Check, Please! Philly is coming back to WHYY! We’re looking for guests for season 2 so if you’re from the Philadelphia region (Philly, Philly burbs, Delaware, or South Jersey) fill out this form to recommend your favorite restaurant. Hope to see you at the table!
A whole lot of TikTok. I get why people are getting into this app. I feel like people are creating some really interesting content. And as the app learns your interests, it’ll start to refer you to things that are valuable to your interests like tutorials, new hobbies, humor that tickles your fancy, and new perspectives that you didn’t expect. I appreciate the creators on the app. I know TikTok needs to do a lot better when it comes to compensating creators who are part of the Creator Fund. But as a creator myself who has worked against algorithms for a very long time, I feel like it’s easier for people to find your content.

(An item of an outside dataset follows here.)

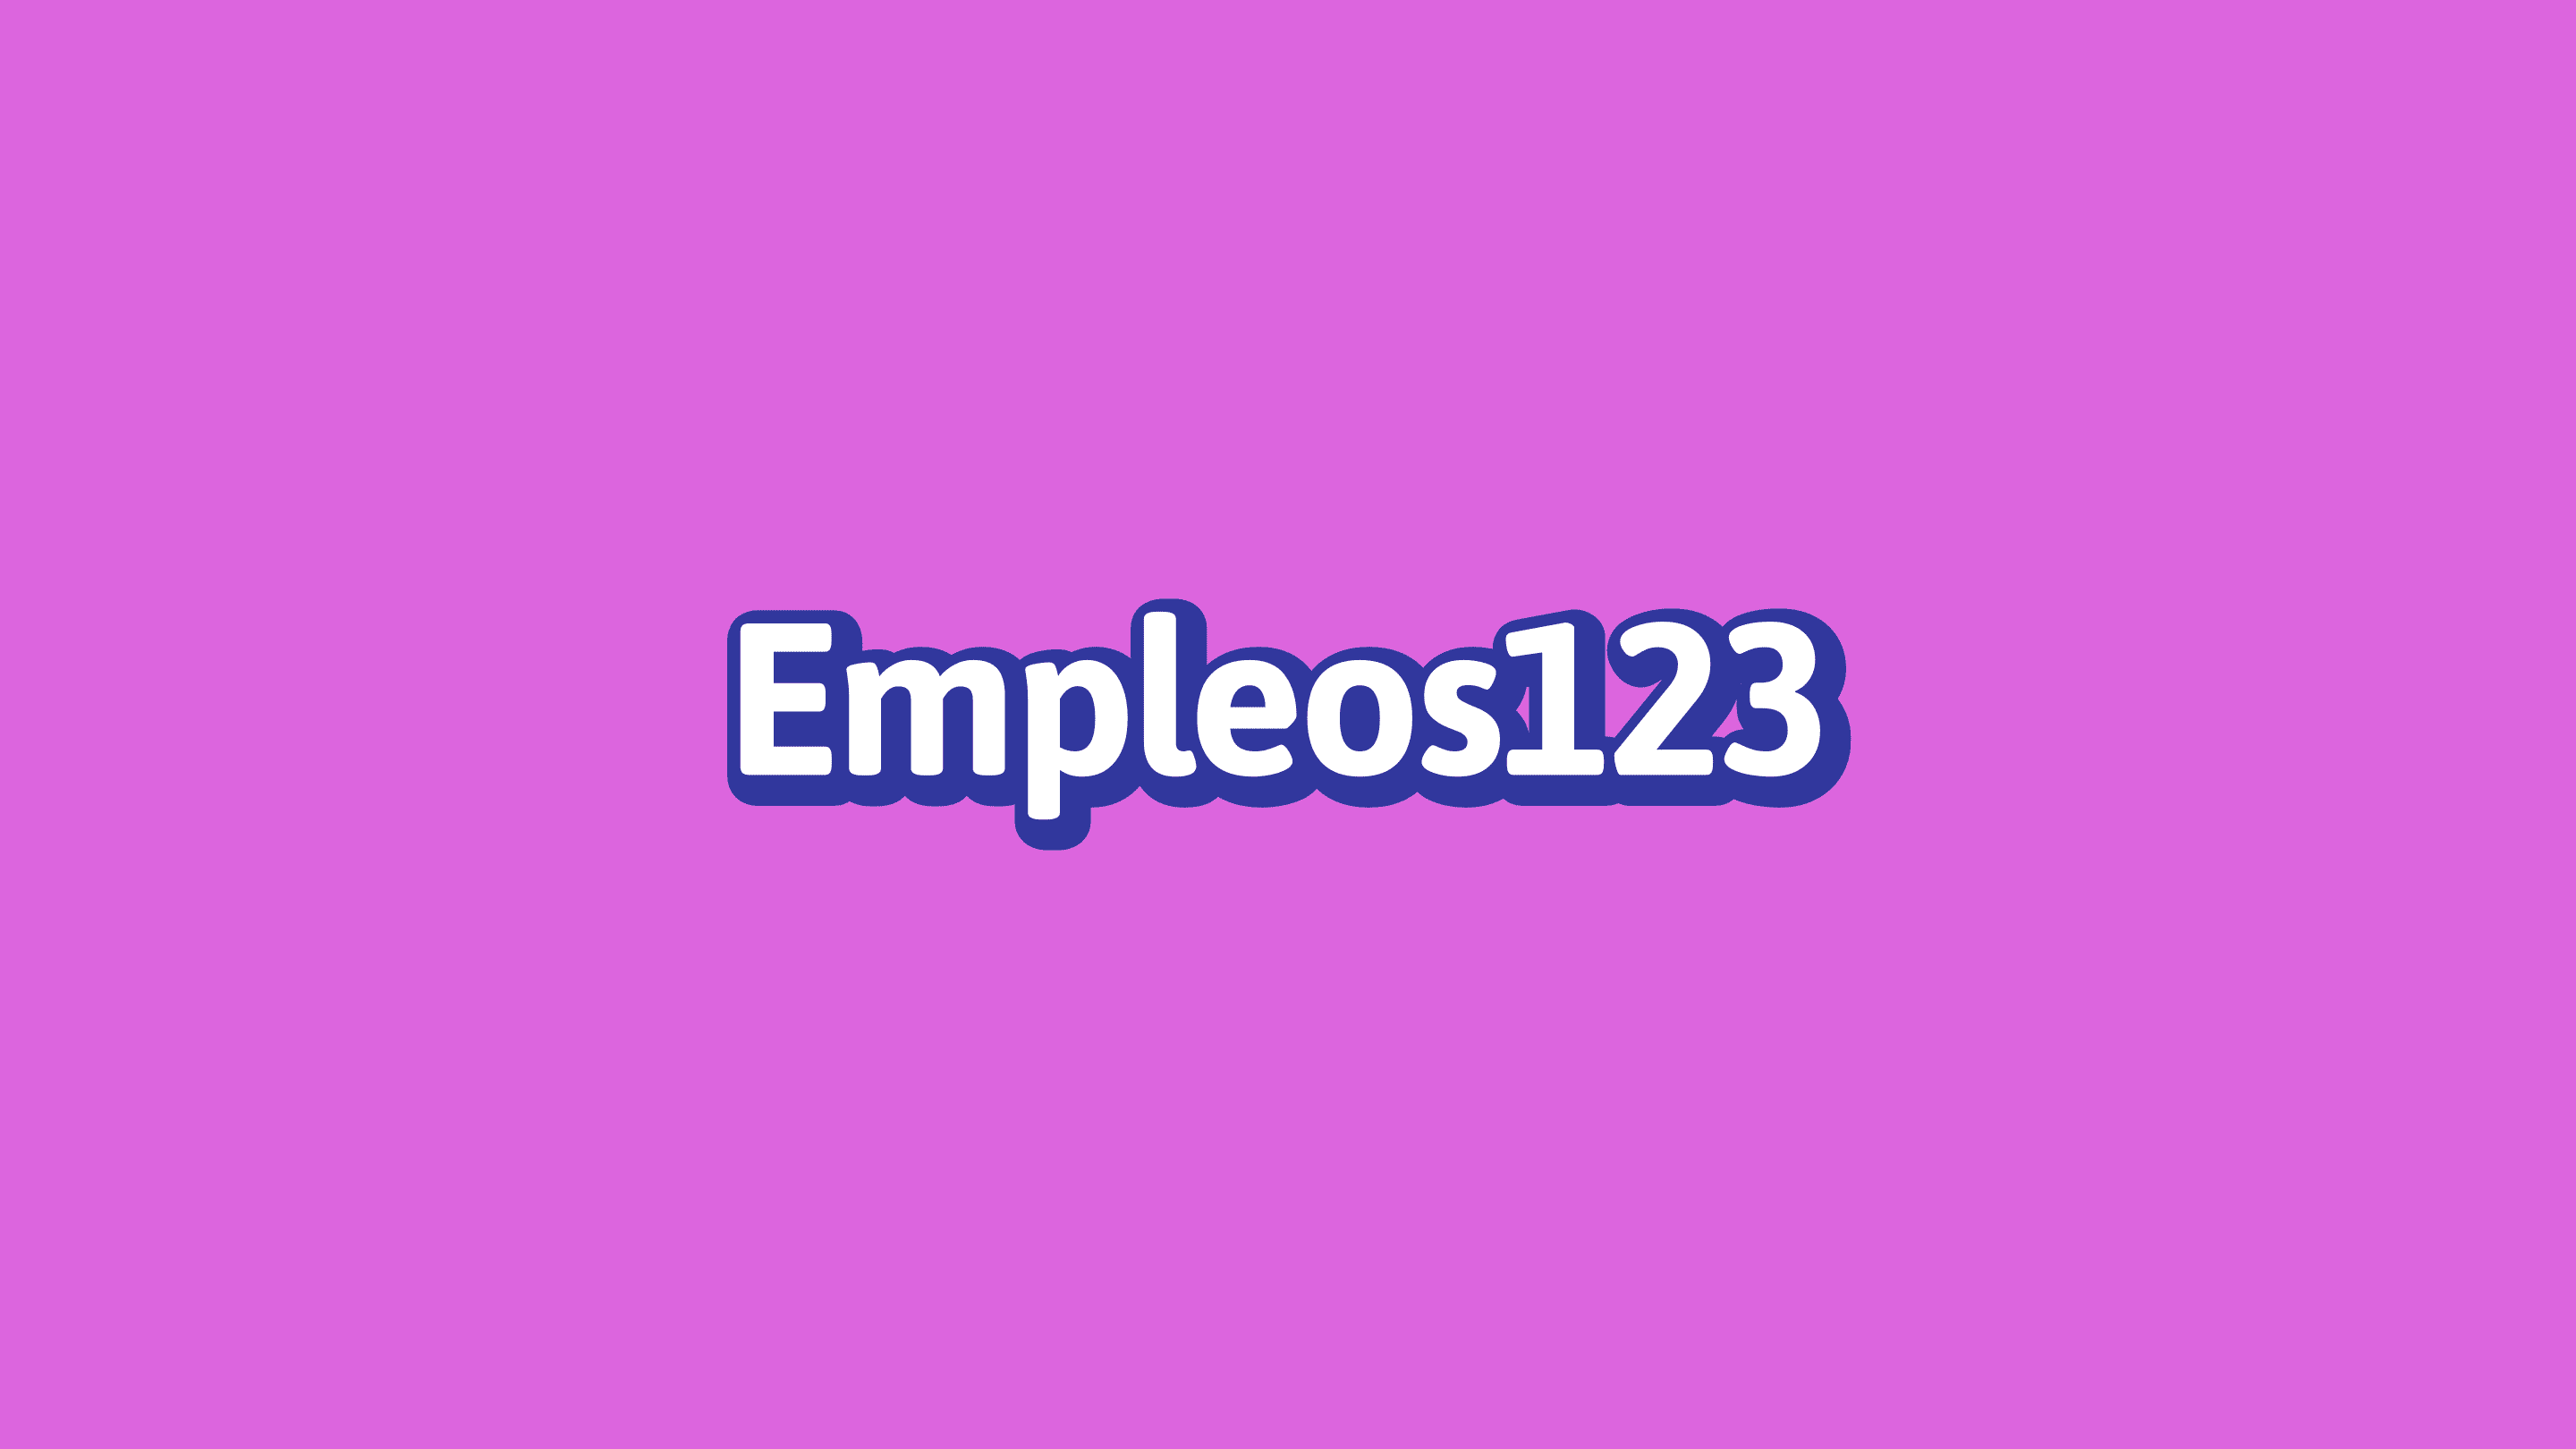 Empleos123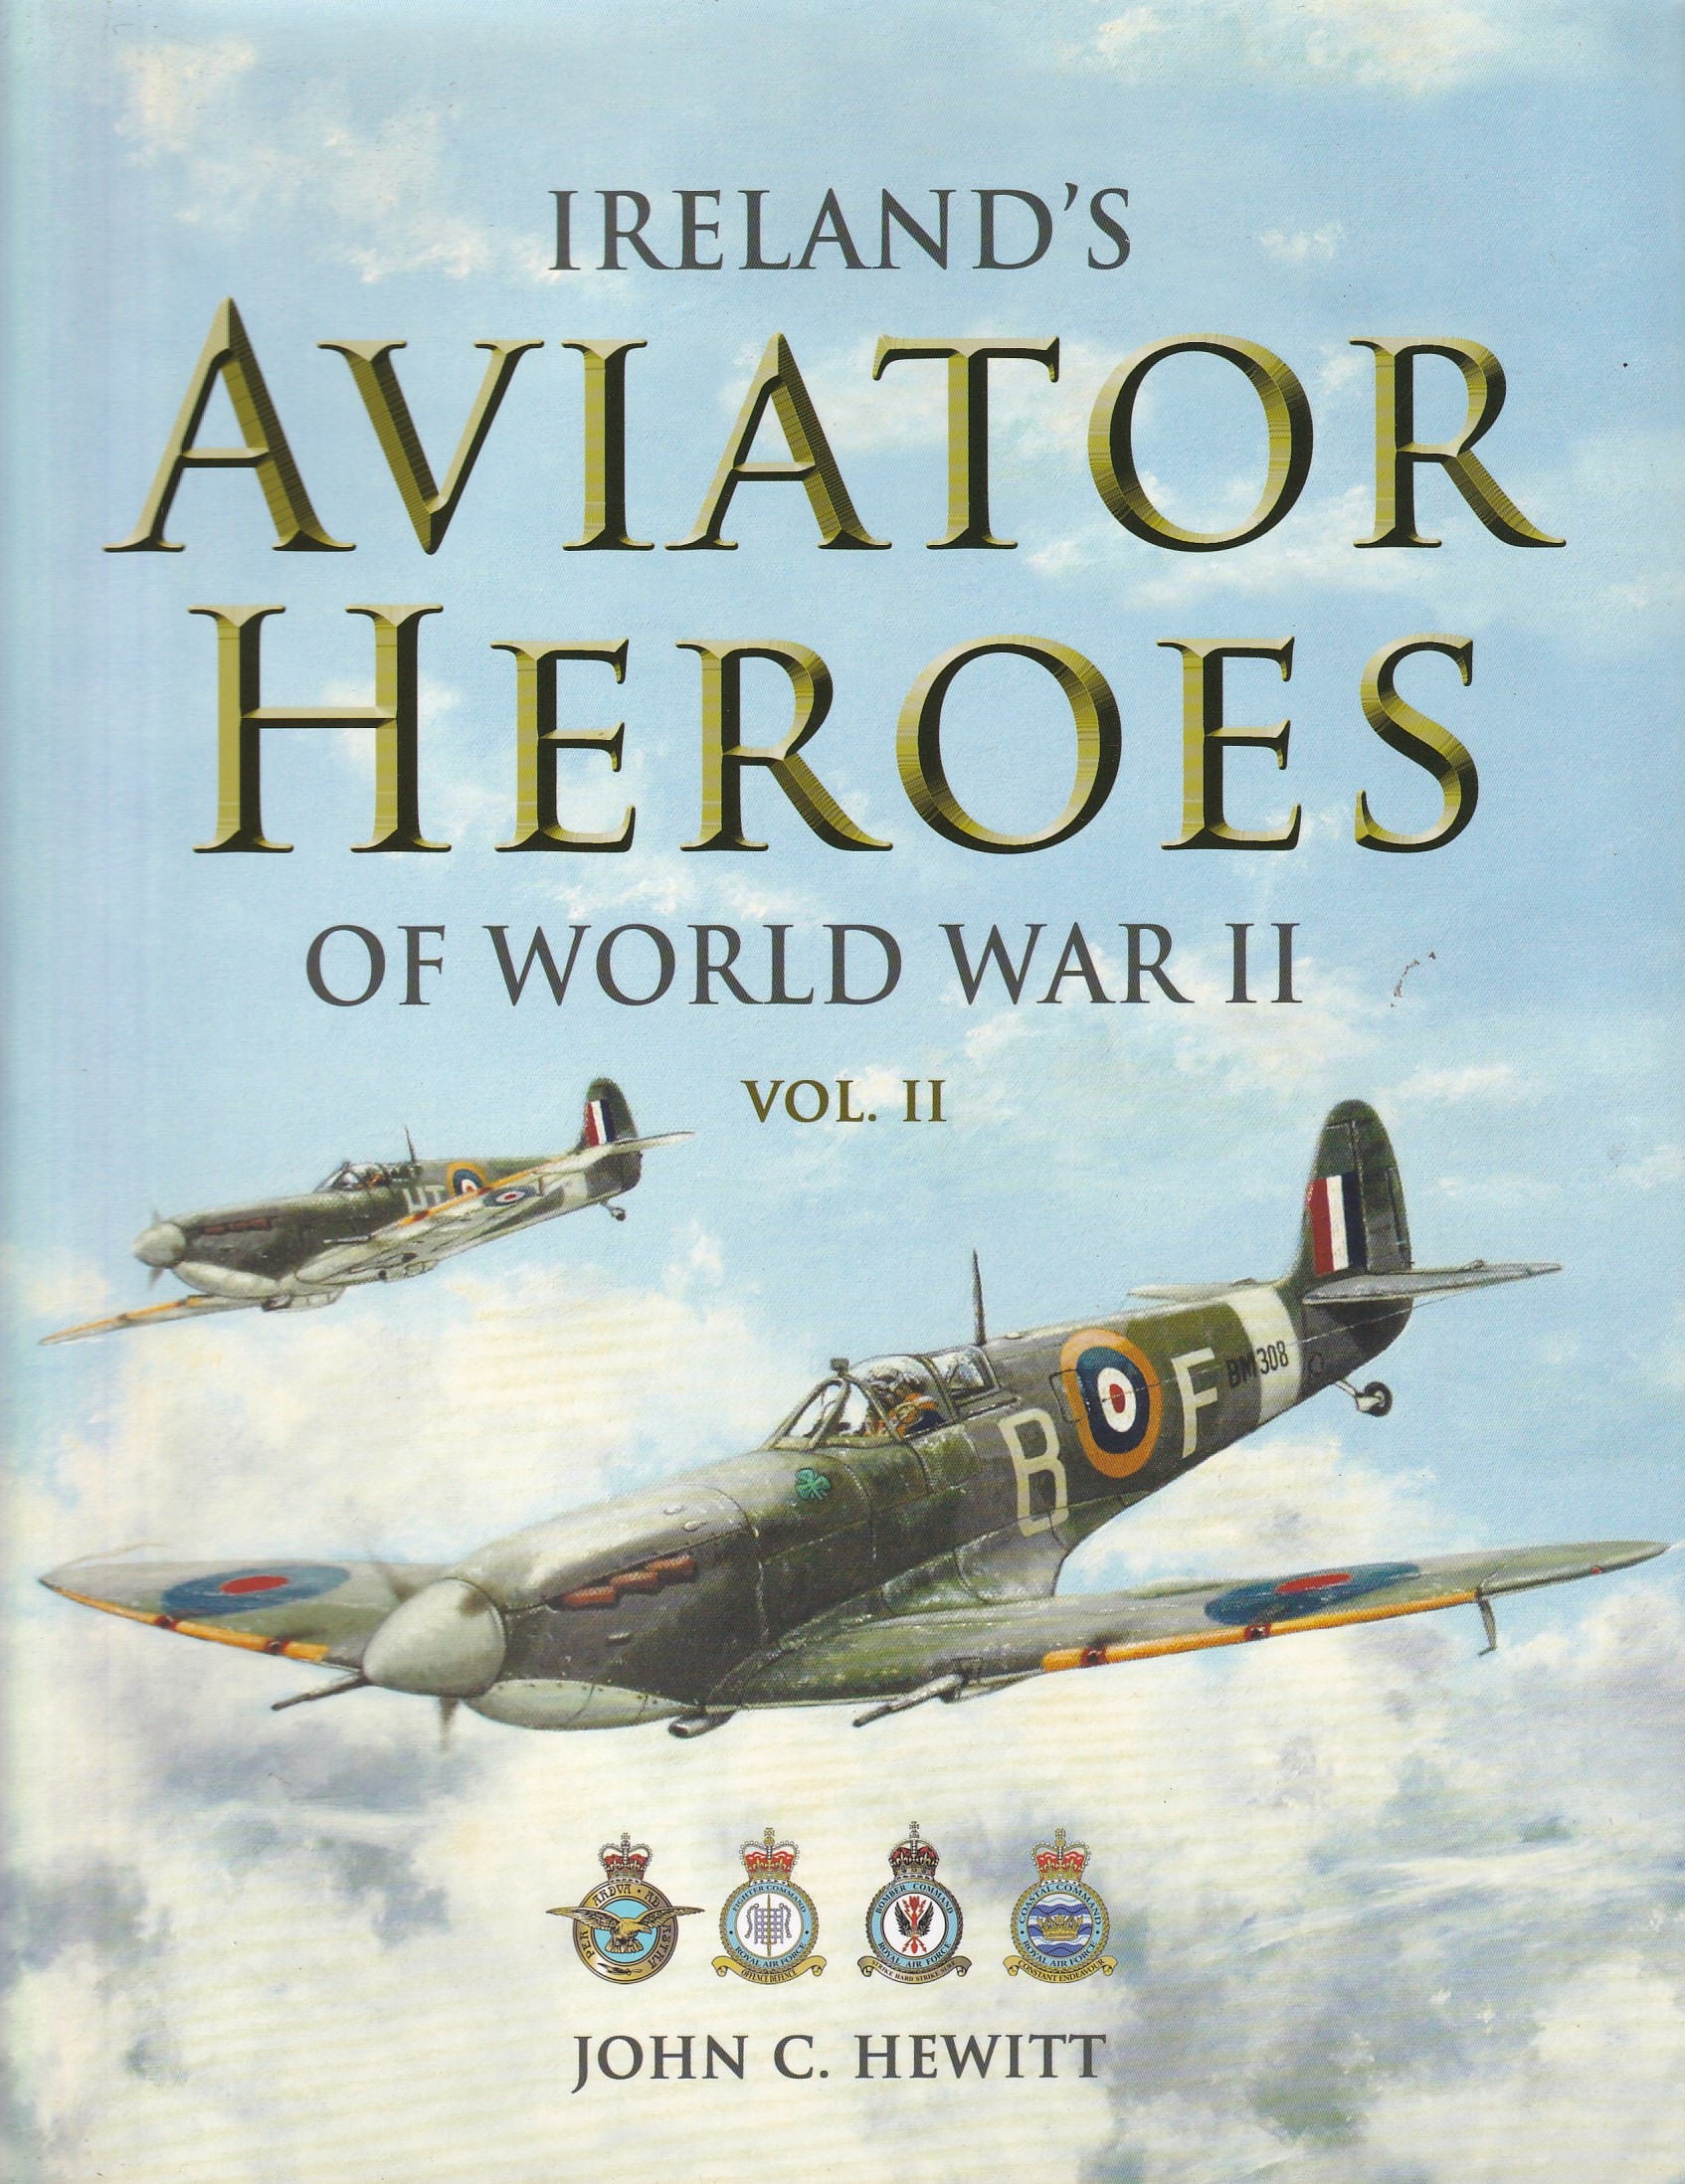 Ireland’s Aviator Heroes of World War II: Vol. 2 by John C. Hewitt

It’s easier to discover new creators, and there’s more of a chance to go viral organically on TikTok than say on Instagram or YouTube.
So if you’re in TikTok, HIT ME UP! I want to see what you all are creating!
I read a chapter of Atomic Habits every morning. I’m all about how small changes in your day to day compound into bigger changes over time. The book is a good reinforcement of things I’ve already felt, but also gives words and research to contextualize the concept.
It’s a great read so far. Every chapter is full of value and actionable steps to help make good habits easier to incorporate in to my day to day. The goal is to create systems where the good habits I want to develop are more automatic and take less energy to complete. So far so good! I’m learning a lot!